“Saibashi” is the chopsticks which are used for various types of cooking including simmering, oiling, saut, frying, etc. and used for dishing up. Althoungh many kinds of chopsticks are sold in the market, few studies have been made as to which type of chopsticks are easy to use and as to how they can be selected in accordance with the type of cooking.
This report was attempted to research on the cooking functionalities of “saibashi” and its selective use in the each type of cooking. With 5 types of dishes being actually cooked, the comparison was made for the following sets of chopsticks sold in the market: (1) short-size (30cm) and long -size (33cm) chopsticks; (2) chopsticks with and without non-slippery treatment; (3) chopsticks with and without strings; (4) metal-made and bamboo-made chopsticks. The evaluations were made according to the 5-point scoring method with 10-11 items.
The following findings were obtained: 1. When used for cooking in direct contact with heat, i. e., frying and saute, long-size chopsticks were preferable because it was unlikely that the hands would feel too hot and would contact the oil. For other types of cooking, however, short-size chopsticks were easier to use.
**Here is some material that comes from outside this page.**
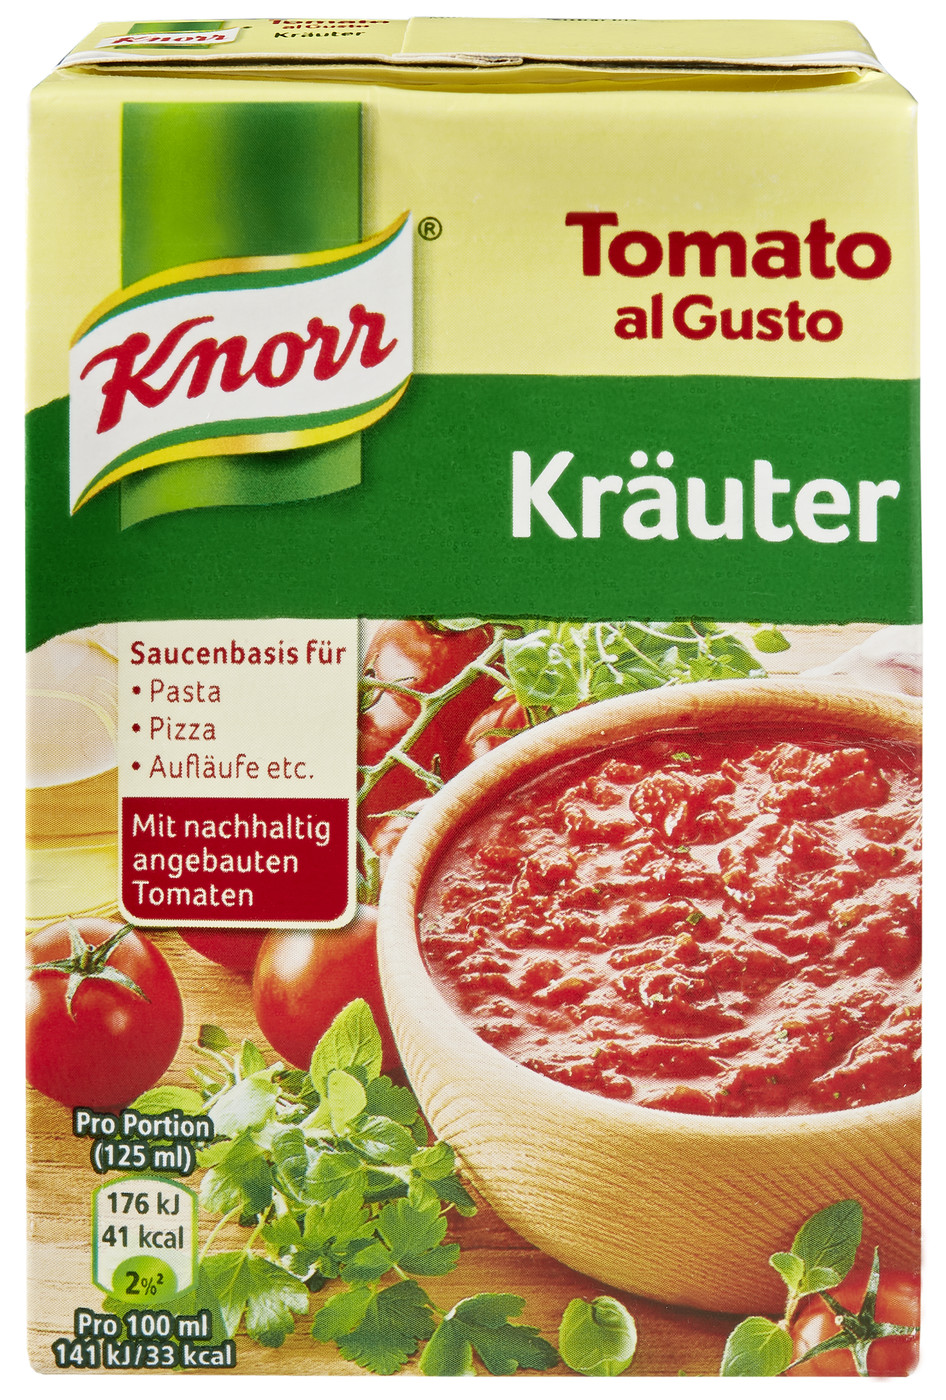 Knorr Tomato al Gusto Kräuter Sauce 370G

2. The chopsticks with strings at the top were rated lower in respect to 10 items than those without strings.
3. The chopsticks with non-slippery treatment at the top were rated higher in respect to 10 items than those without non-slippery treatment.
4. The metal chopsticks for frying with the holding parts coated with plastics were rated higher during the frying process than the ordinary type-bamboo chopsticks. In respect to other 9 items, however, the bamboo-made ones were rated higher.
5. For the types of cooking like saute and frying using strong fire, long-size chosticks were preferable. For other types of cooking, however, short-size, no-string and non-slippery chopsticks were easy to use.
From these results it was observed that the chopsticks should be selected in accordance with the type of cooking.